*** Opening of DATA BELOW ***
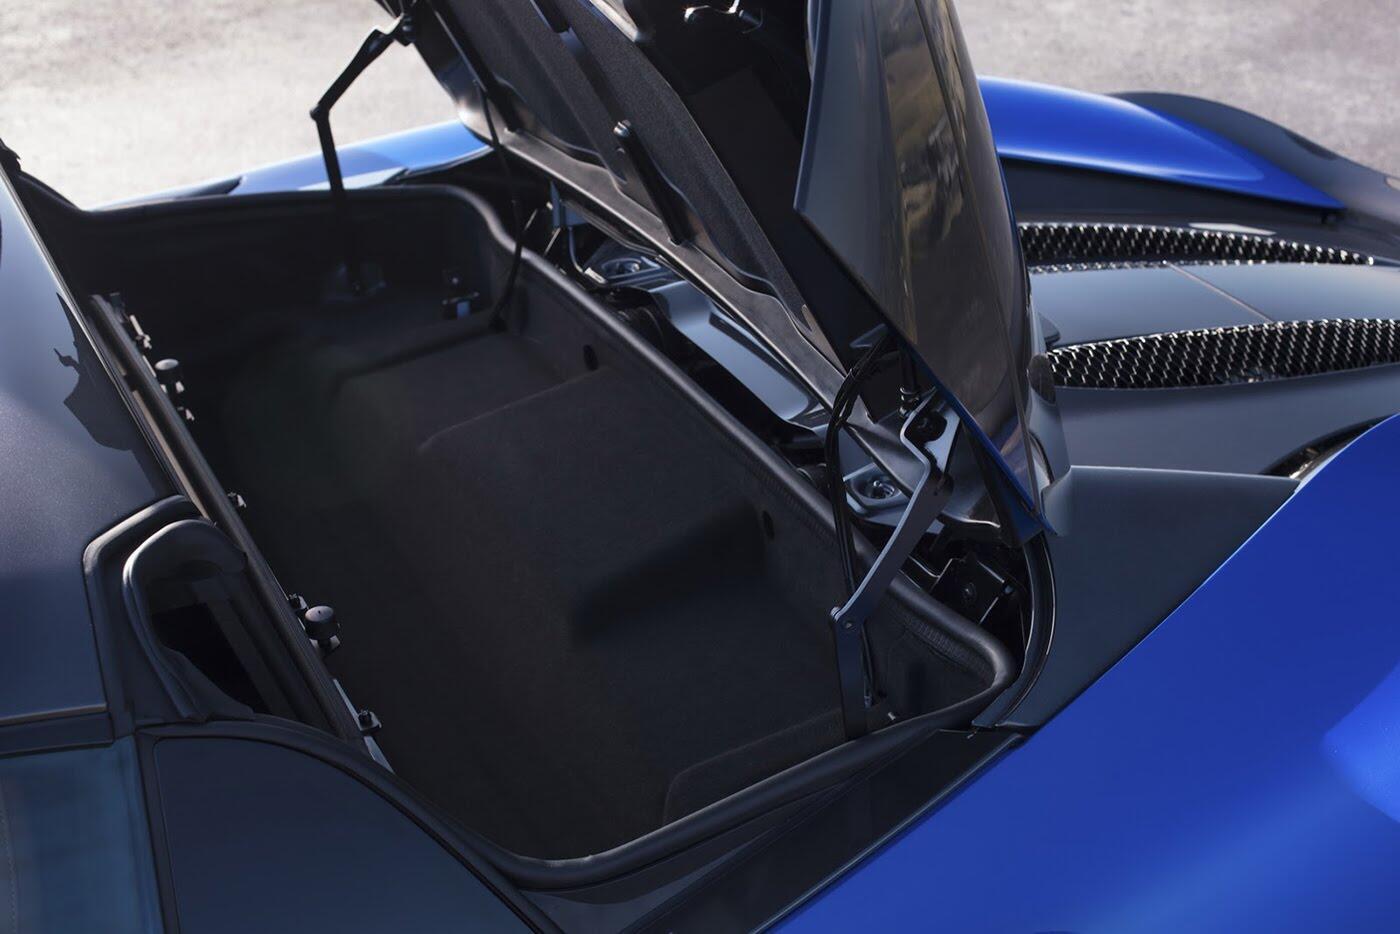 Siêu xe McLaren 570S Spider sắp ra mắt - Hình 7
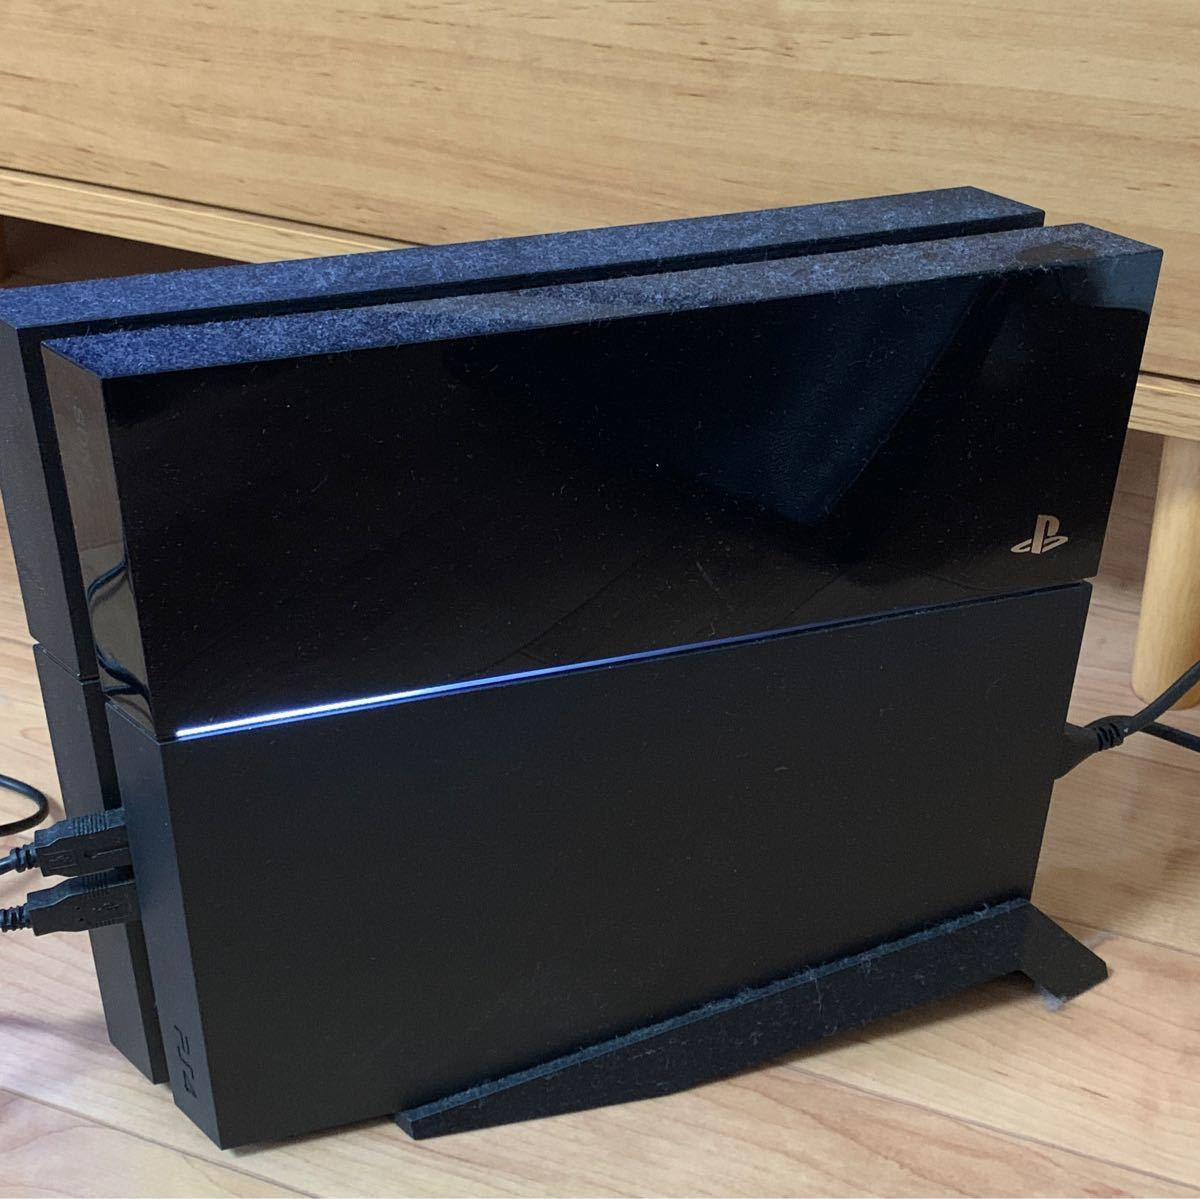 PS4本体 プレステ4 ジェットブラック SONY プレイステーション4 黒本 PlayStation4 ブラック 封印シール
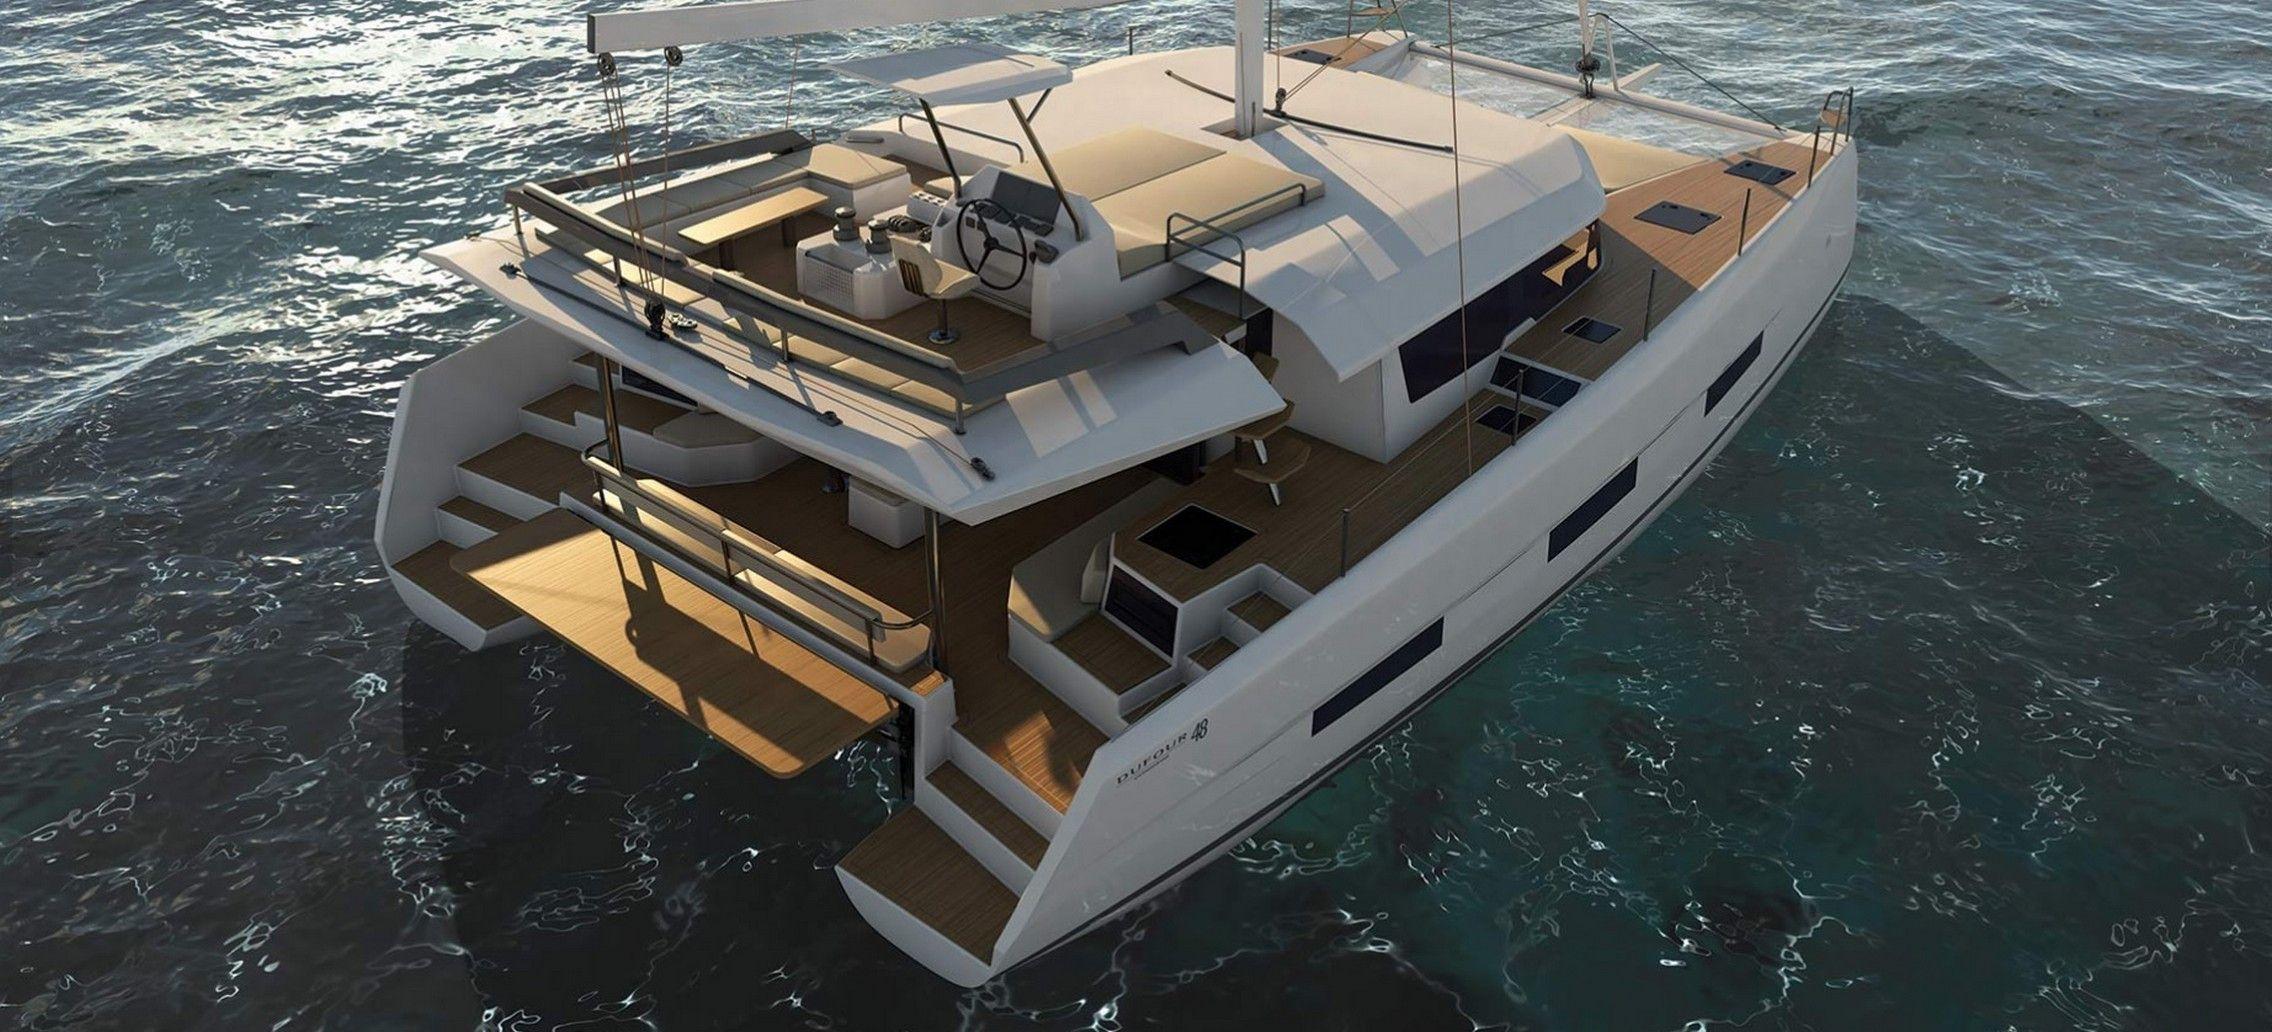 Dufour 48 - 2019 - 4 double + 1 twin cabin
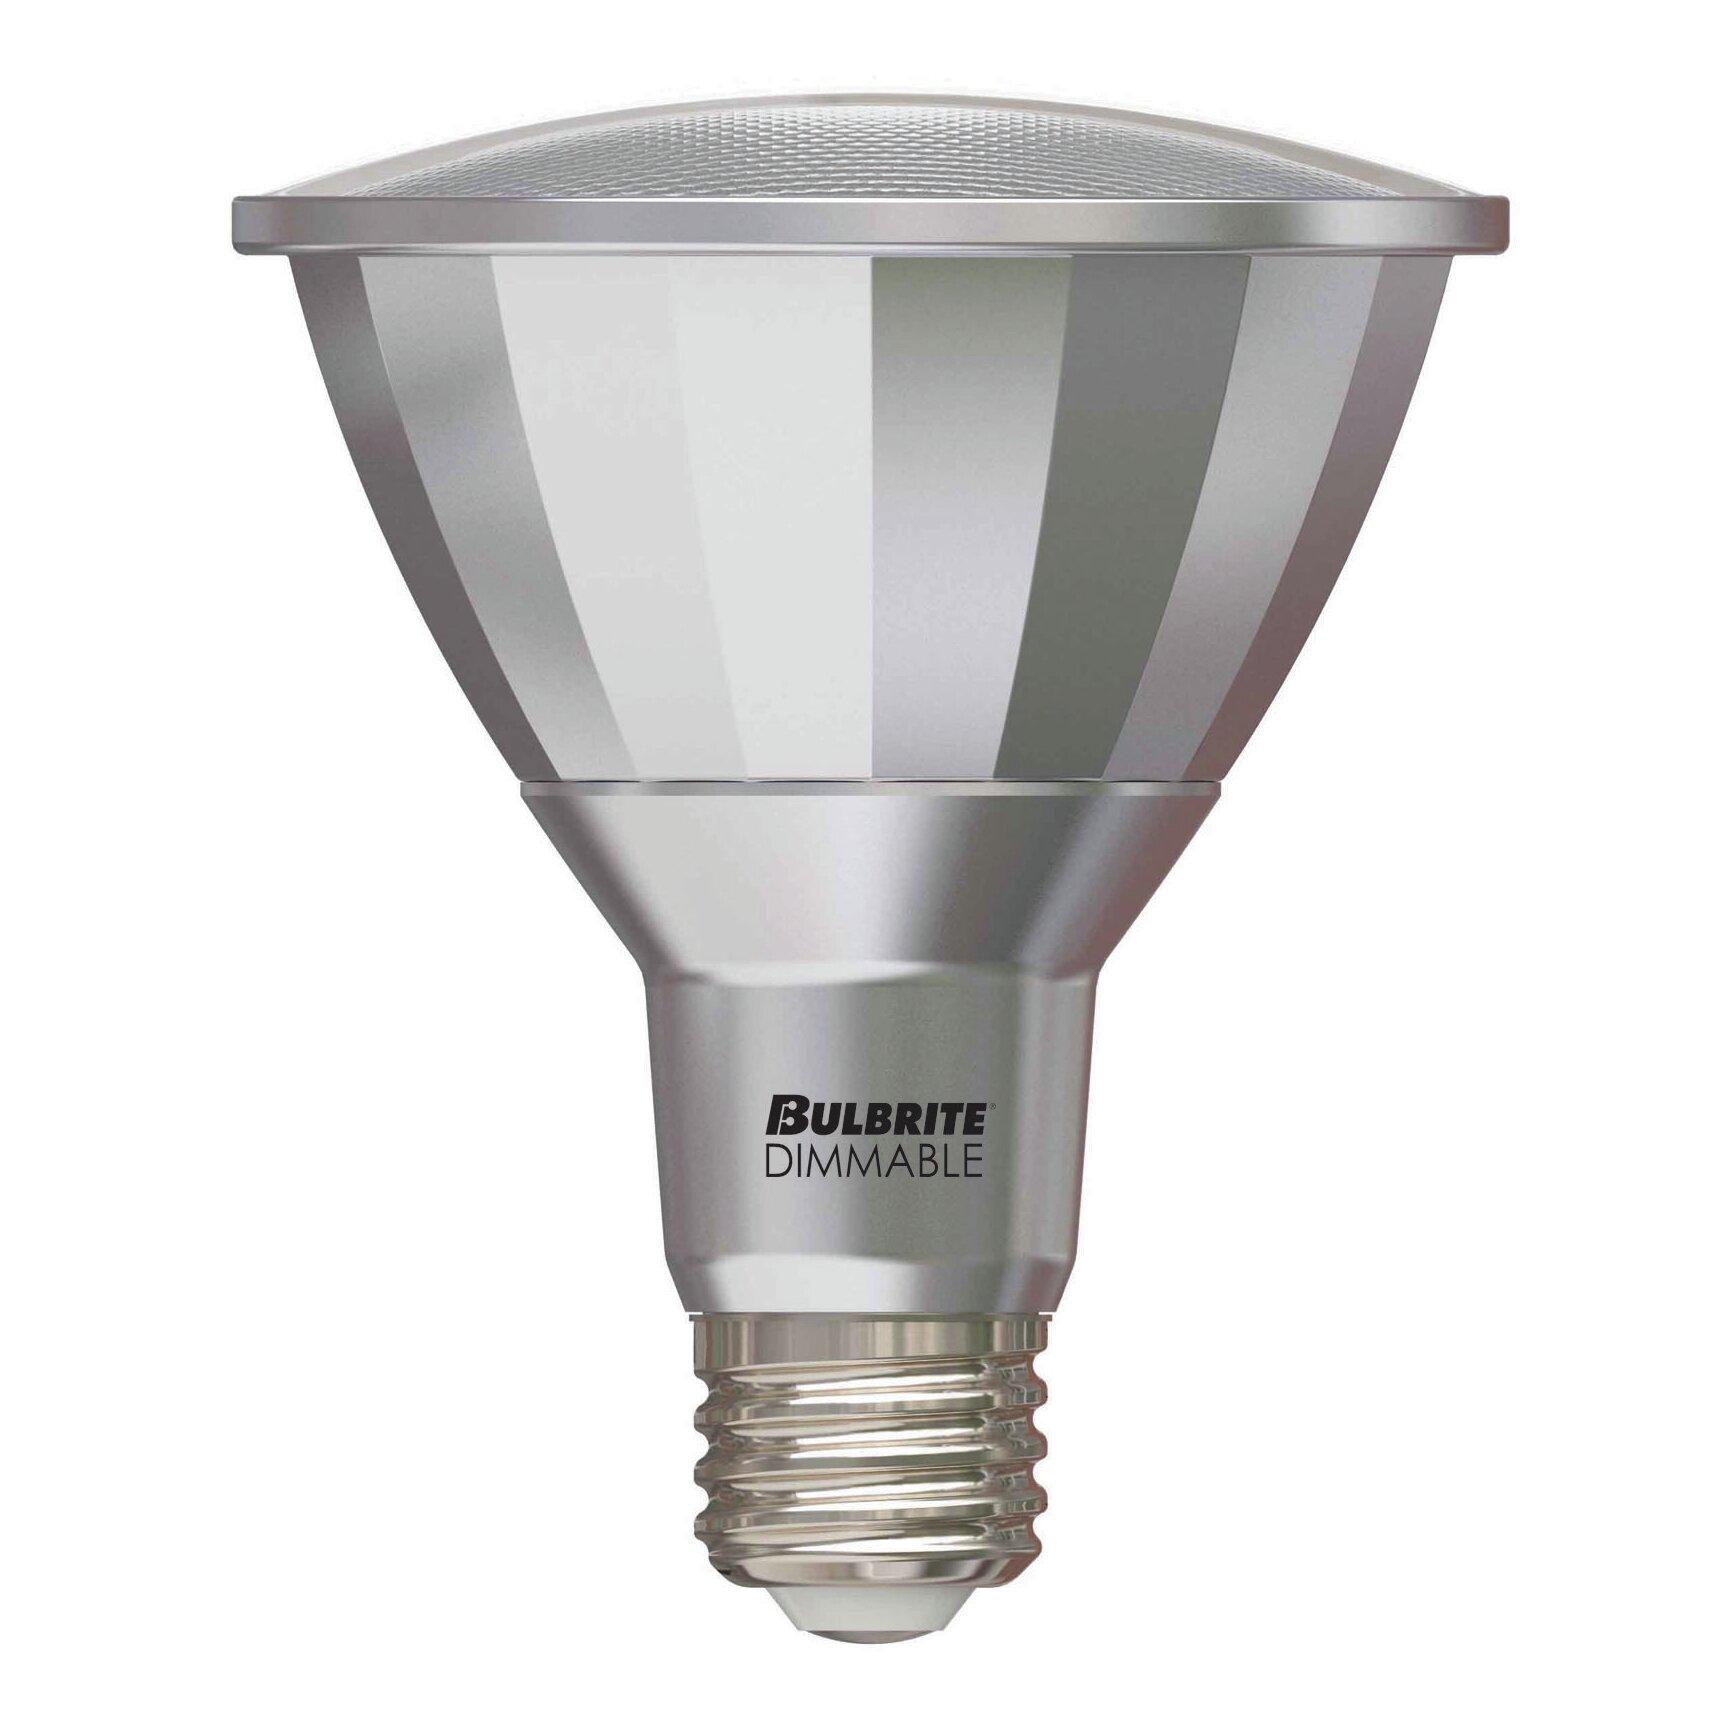 bulbrite industries 13w e26 medium base led light bulb. Black Bedroom Furniture Sets. Home Design Ideas
*** Close of DATA BELOW ***
### WHAT TO DO
The response is the full listing, copied exactly, with the pictures omitted.

### SOLUTION TO THIS TASK
 Siêu xe McLaren 570S Spider sắp ra mắt - Hình 7
 PS4本体 プレステ4 ジェットブラック SONY プレイステーション4 黒本 PlayStation4 ブラック 封印シール
 Dufour 48 - 2019 - 4 double + 1 twin cabin
 bulbrite industries 13w e26 medium base led light bulb. Black Bedroom Furniture Sets. Home Design Ideas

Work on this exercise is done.